Speaking in a point of order, the representative of the Russian Federation expressed regret over the vote just completed, because of its absurd content and lack of impact on Crimea’s position. Ukraine is simply acquiring one more reason to trick its population and the Assembly has become a partner in this process. He called on all to think of the lives of ordinary Ukrainians and their Government’s imposition of a destructive economic and social policy. He then made apologies to several affected by the Molotov/Ribbentrop during the Second World War, including hundreds of thousands of Polish Jews.
Also speaking in a point of order, the representative of Ukraine expressed regret that the Russian Federation’s statement was not a point of order, but simply a statement in abuse of the meeting. If the Russian Federation is criticizing the draft, this only shows that Ukraine is doing the right thing. He reminded Moscow that Prime Minister Vladimir Putin condemned the Molotov/Ribbentrop Pact 11 years ago, calling it an immoral pact with the Nazis. The Russian Federation’s refusal to condemn it and recognize it as a pact with the Nazis suggests that Moscow is backsliding and abandoning democratic values.

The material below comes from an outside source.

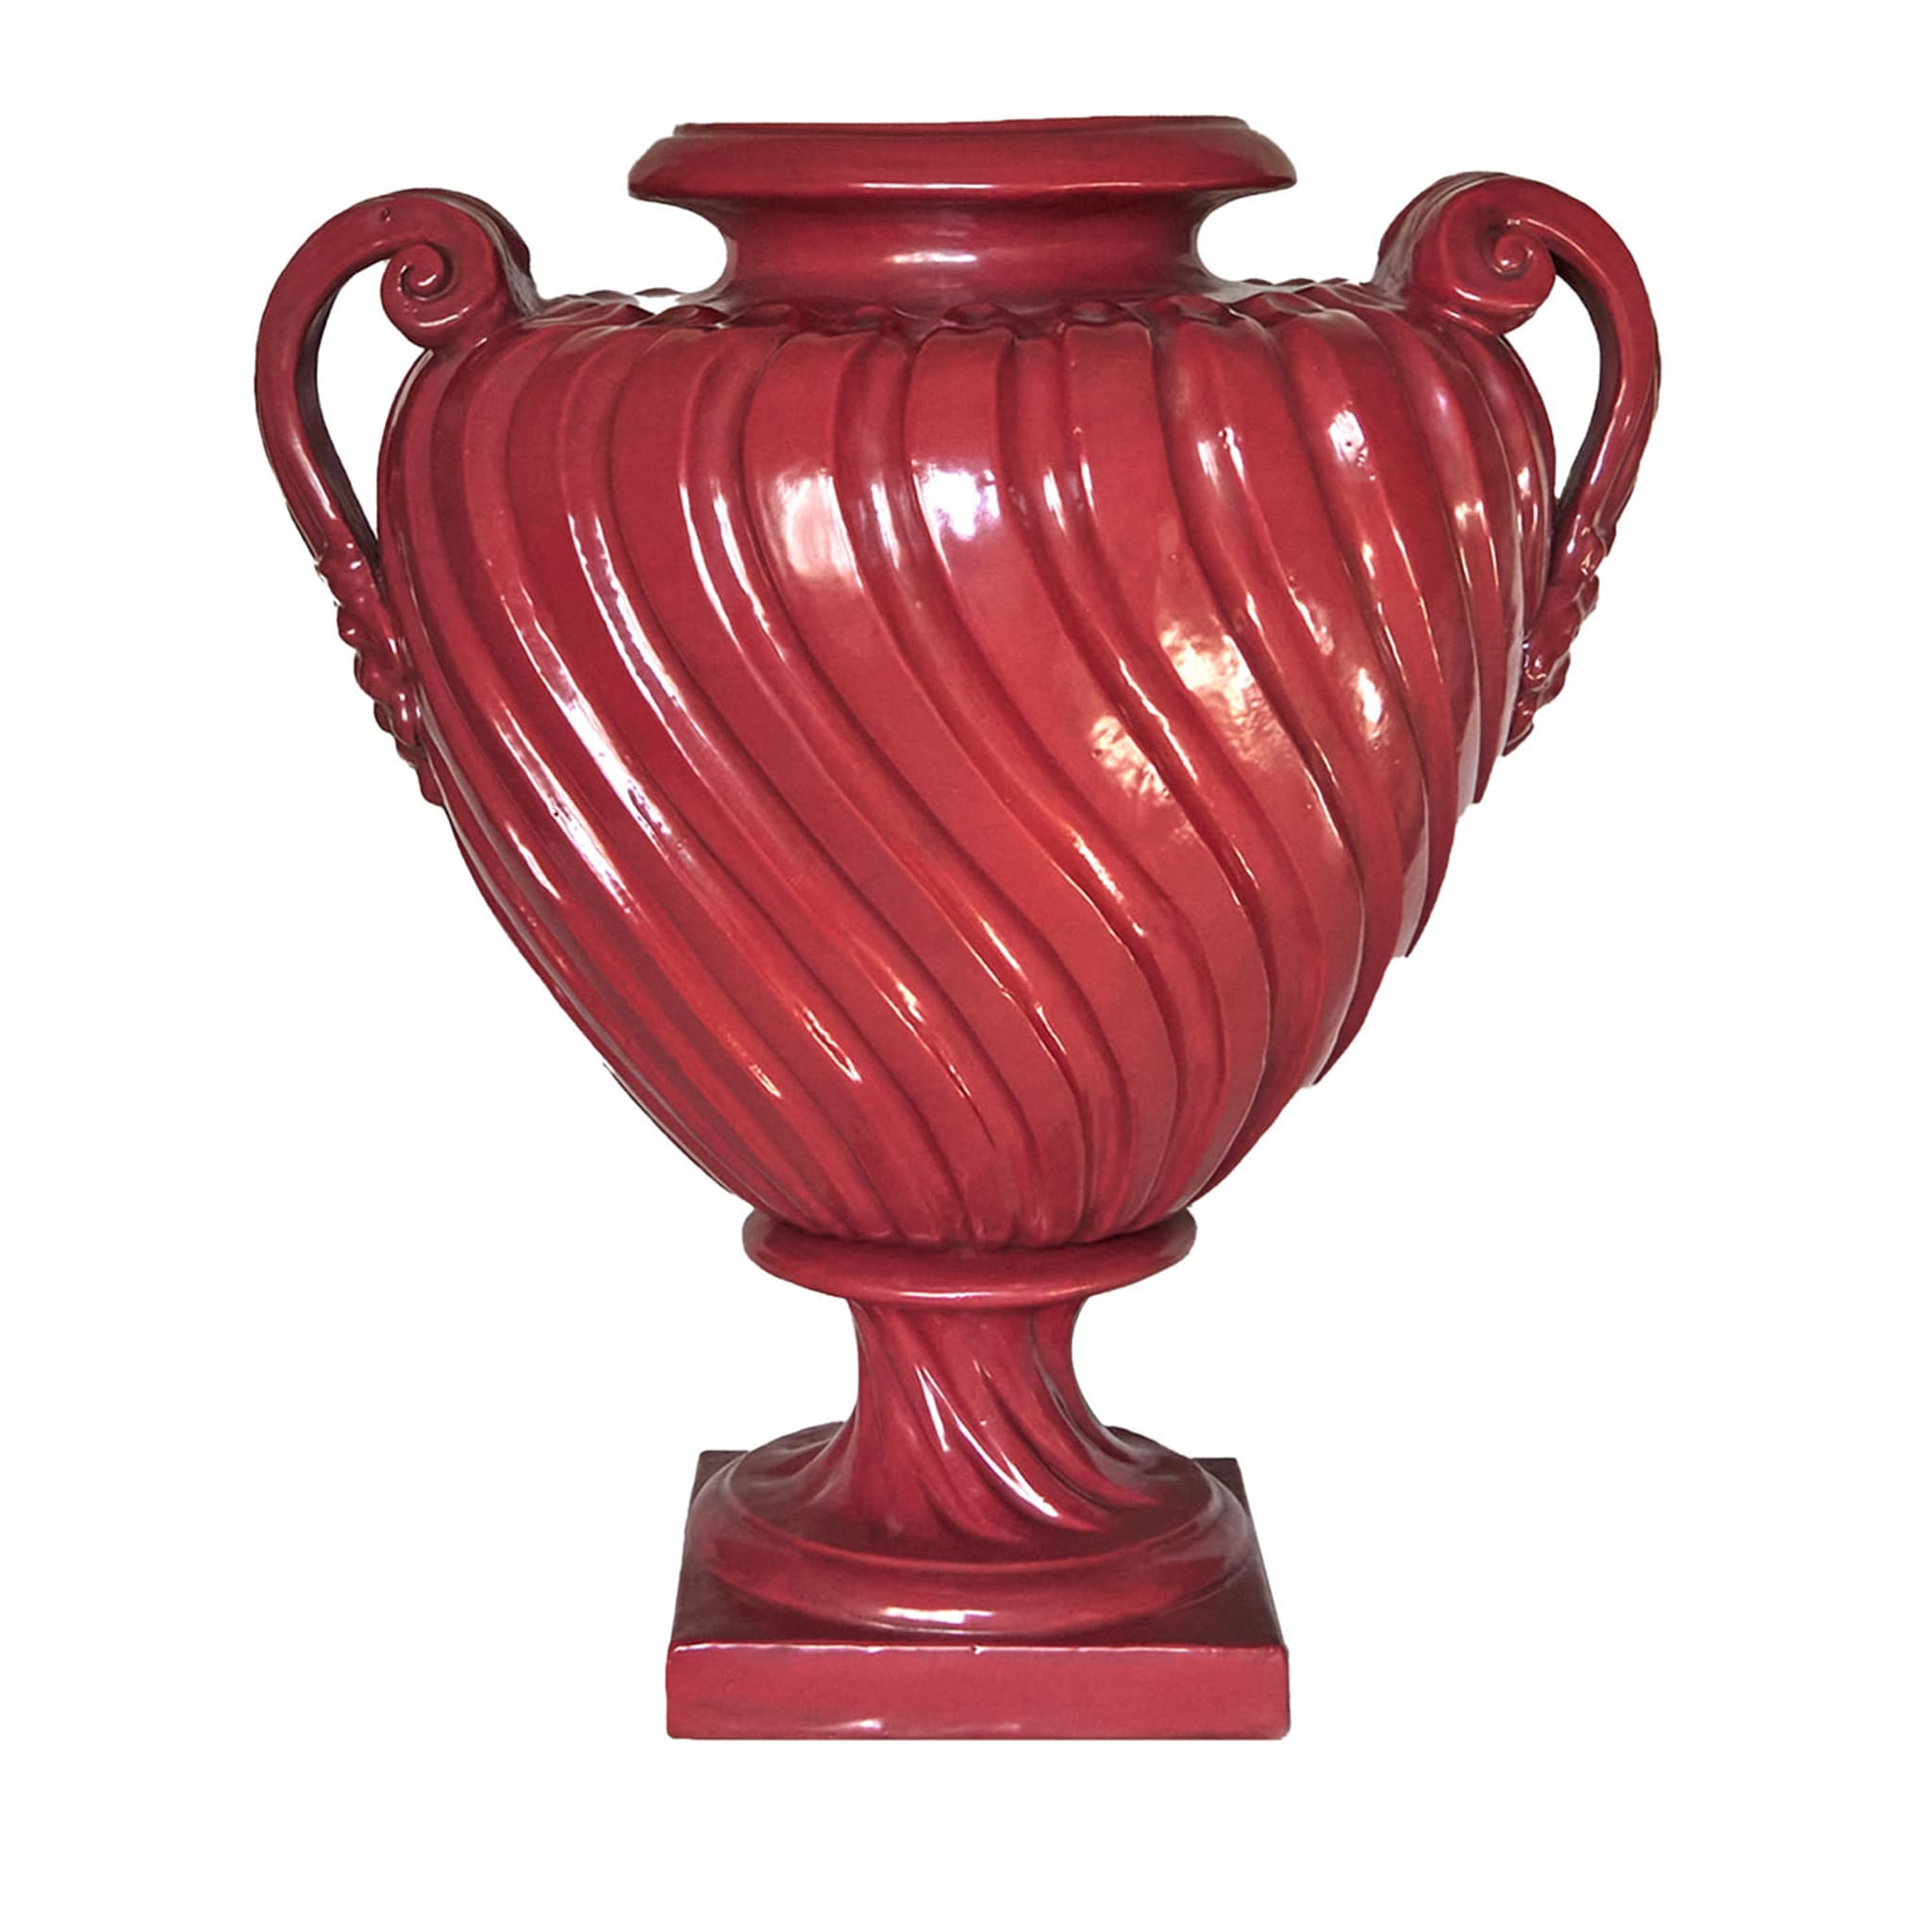 Ercole Rote Vase - Hauptansicht

The representative of the European Union said his delegation will not recognize the illegal annexation of Crimea and Sevastopol by the Russian Federation. The bloc is committed to the principle of the sovereignty and territorial integrity of Ukraine within its borders, and considers the annexation a breach of international law and violation of the Charter of the United Nations, which prohibits use of force against any State. Those actions also violate the Russian Federation’s bilateral commitments, including the Budapest Memorandum of 1994. He emphasized the so‑called referendum held in Crimea on March 2014 has no legal validity and is in breach of the Ukraine constitution, calling on all Member States to remain steadfast in non‑recognition of the annexation as per General Assembly Resolution 68/262 (2014). Condemning the deployment of highly destabilizing Russian Federation weapons systems and military personnel, and conscription of Crimeans into its forces, a breach of international humanitarian law, he said it is crucial for that State to withdraw its military forces and end the annexation without delay. Member States must also refrain from any dealings with the Russian Federation as they pertain to the Crimean Peninsula, and all monitoring mechanisms must have unimpeded and safe access to the territory. The European Union remains steadfast in its non‑recognition of the annexation.
Right of Reply
The representative of the Russian Federation, speaking in exercise of the right of reply, said that the Soviet Union had been forced into pacts with Adolf Hitler. Moreover, it is blasphemous to equate the Nazi occupation with the Soviet Union, he said, calling upon Ukraine to refrain from continuing a discussion that its representative would later come to regret.